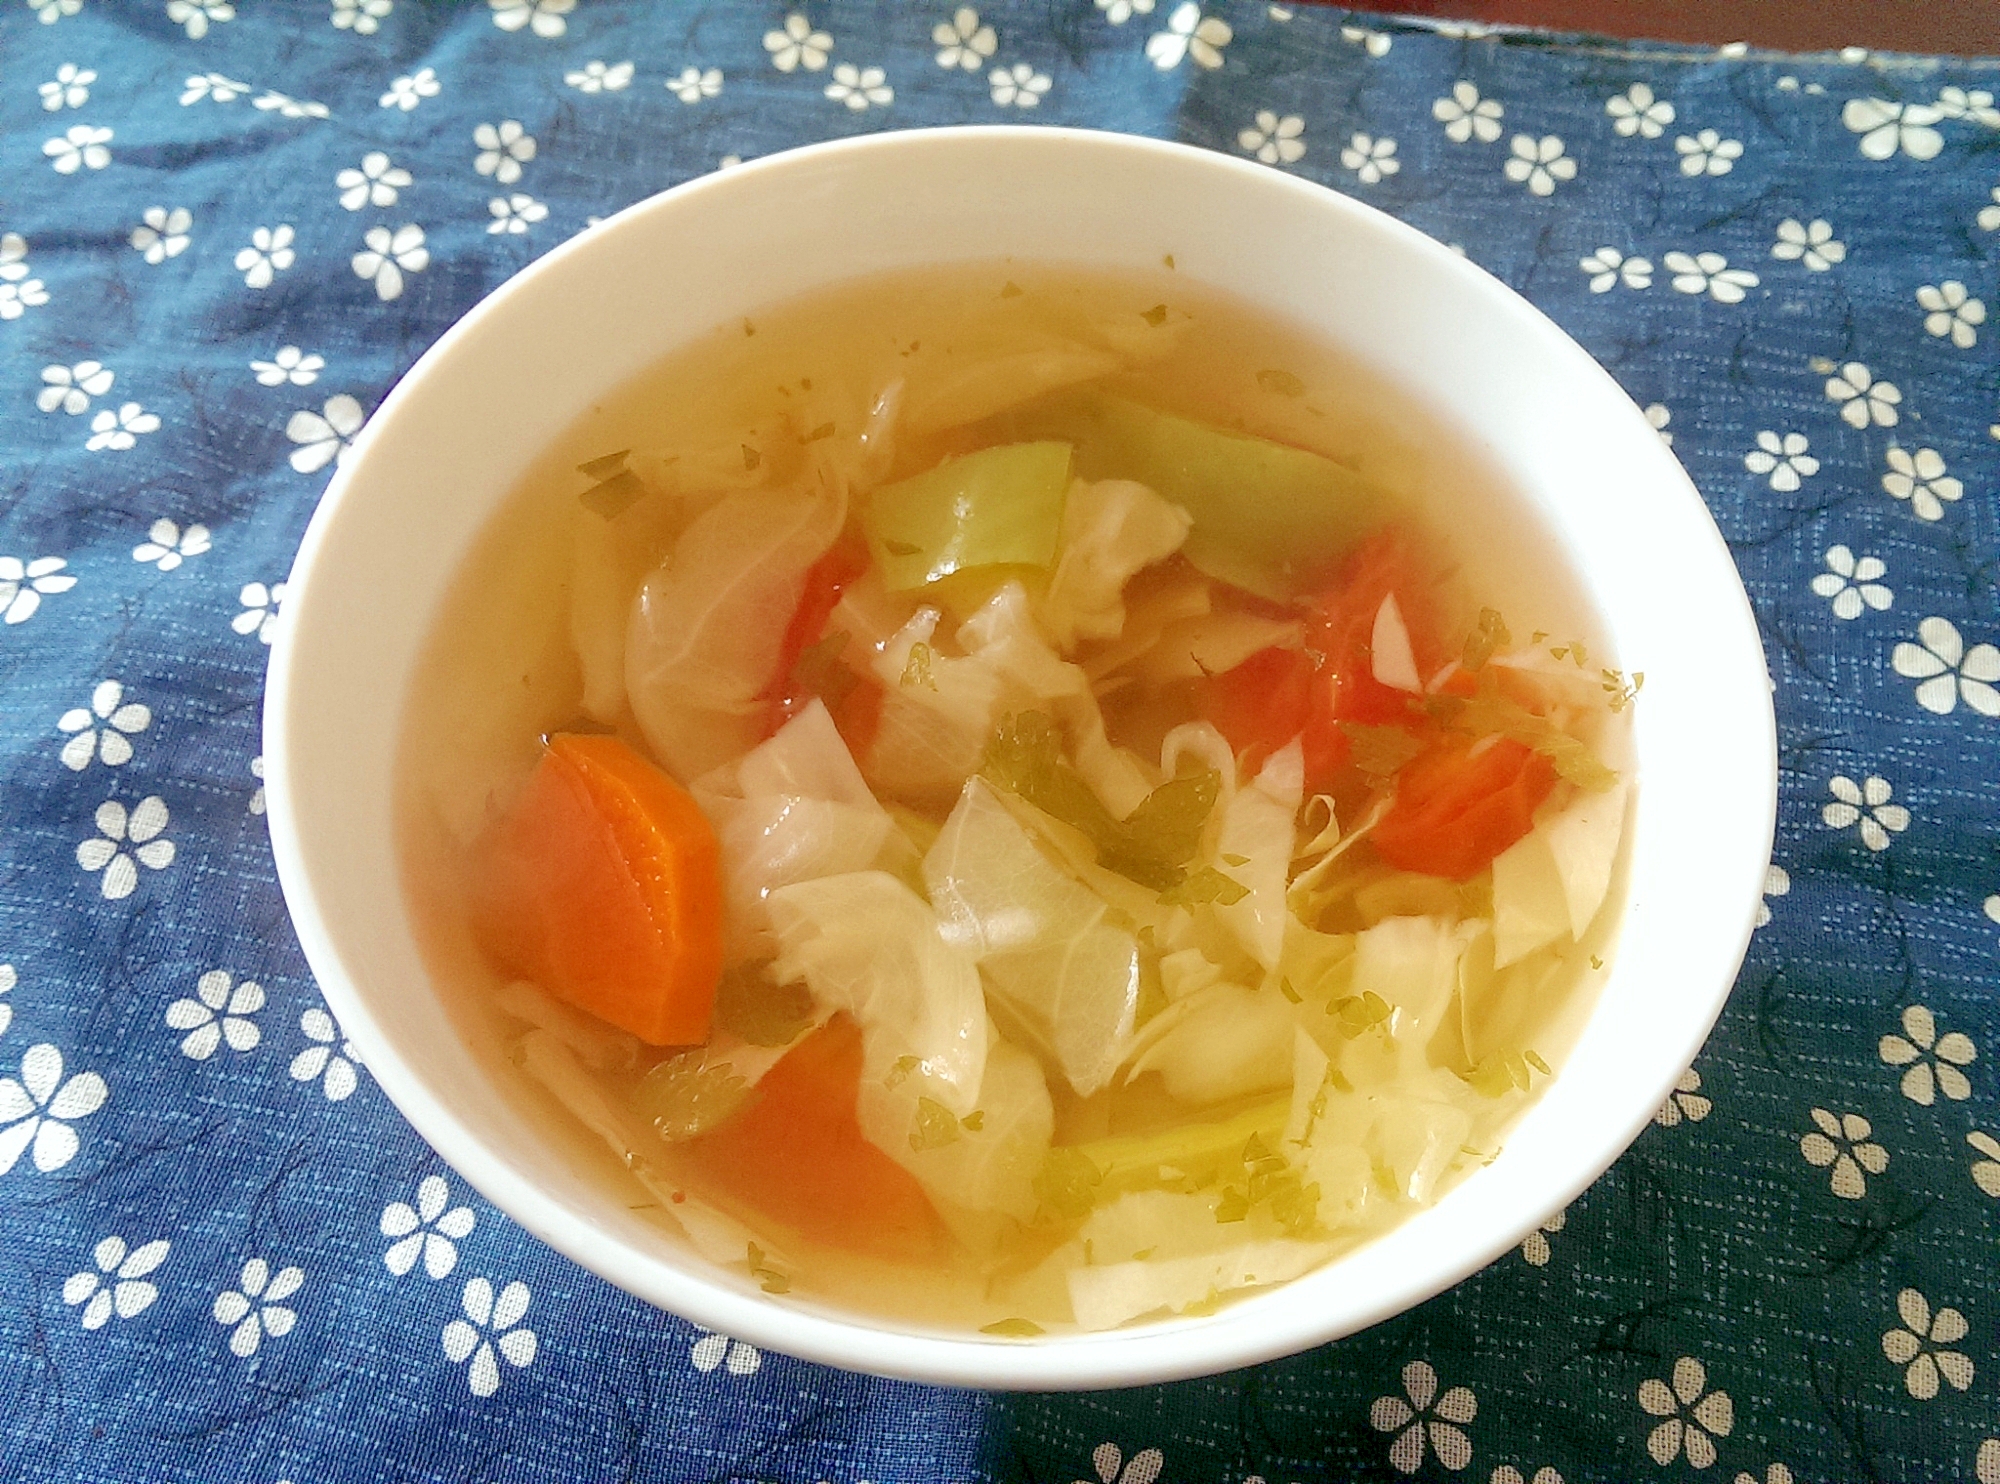 六種の野菜のスープ
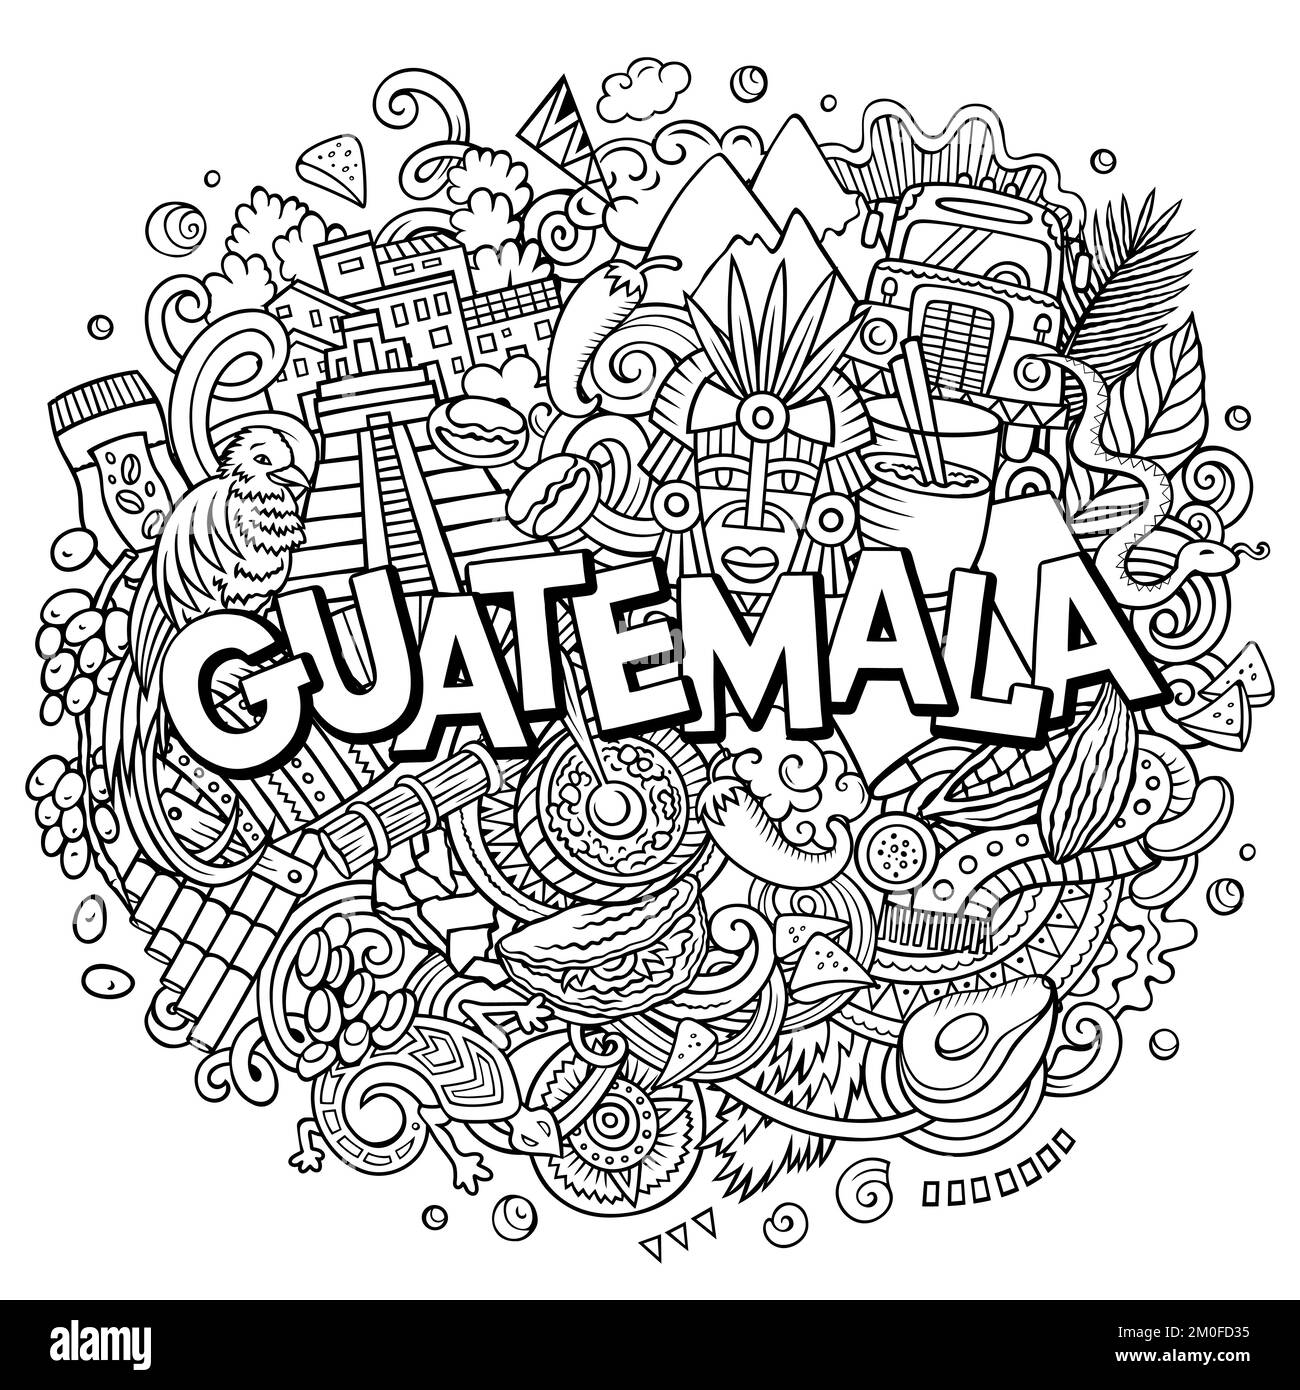 Guatemala-Zeichentrickfilm-Doodle-Illustration. Komisches Design Stock Vektor
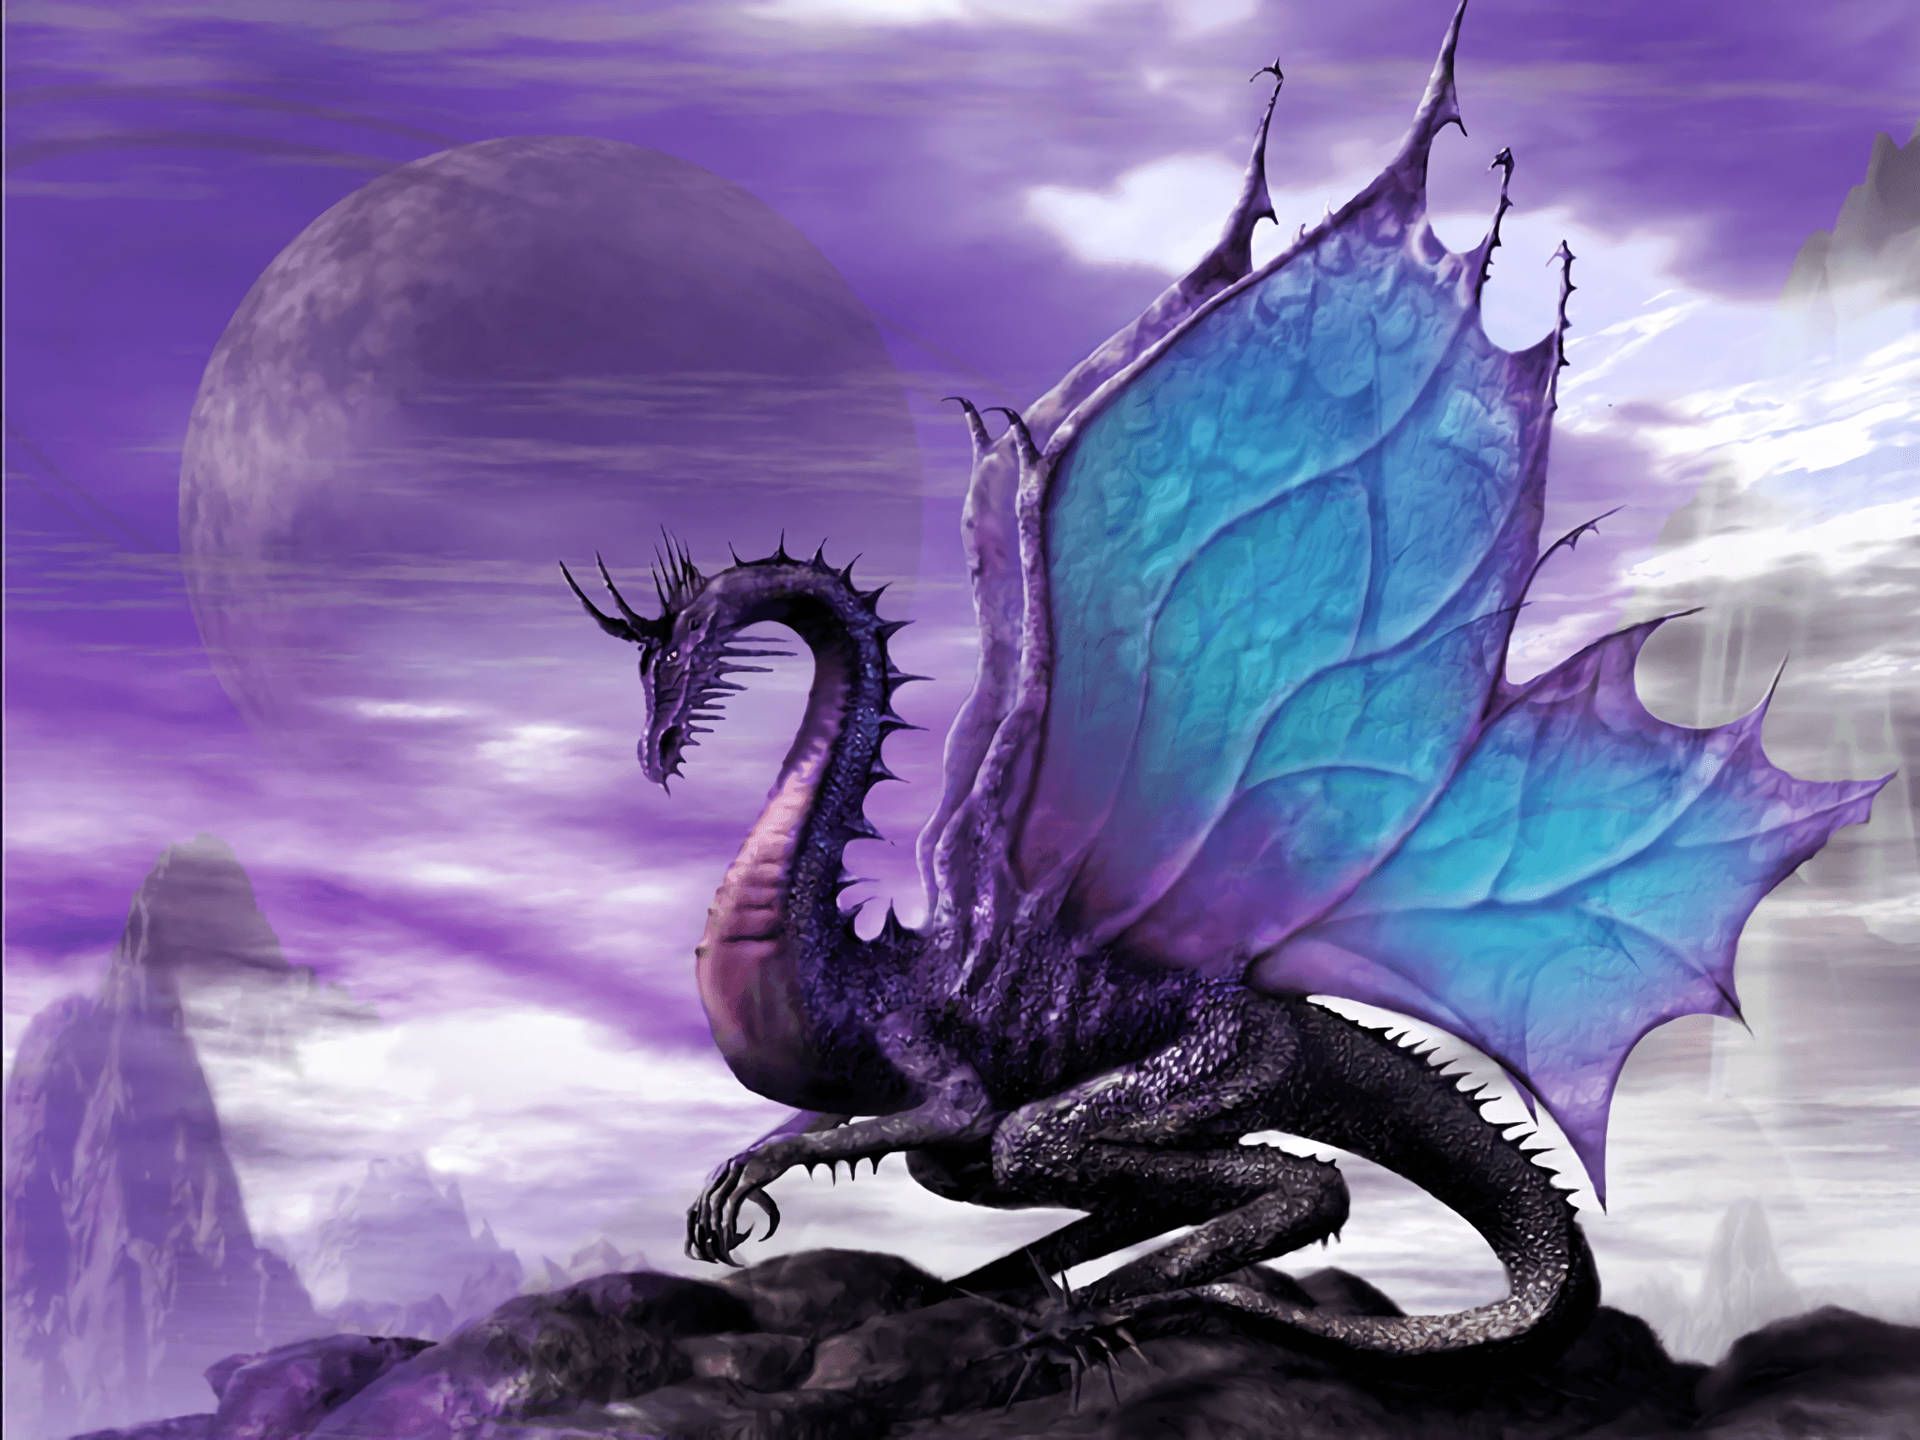 Free Dragon Wallpaper Downloads, Dragon Wallpaper for FREE

INSTRUCTIONS FOR THE TASK
Return an exact transcription of the material, with its pictures left out.

EXERCISE SOLUTION
 六種の野菜のスープ
 Guatemala-Zeichentrickfilm-Doodle-Illustration. Komisches Design Stock Vektor
 Free Dragon Wallpaper Downloads, Dragon Wallpaper for FREE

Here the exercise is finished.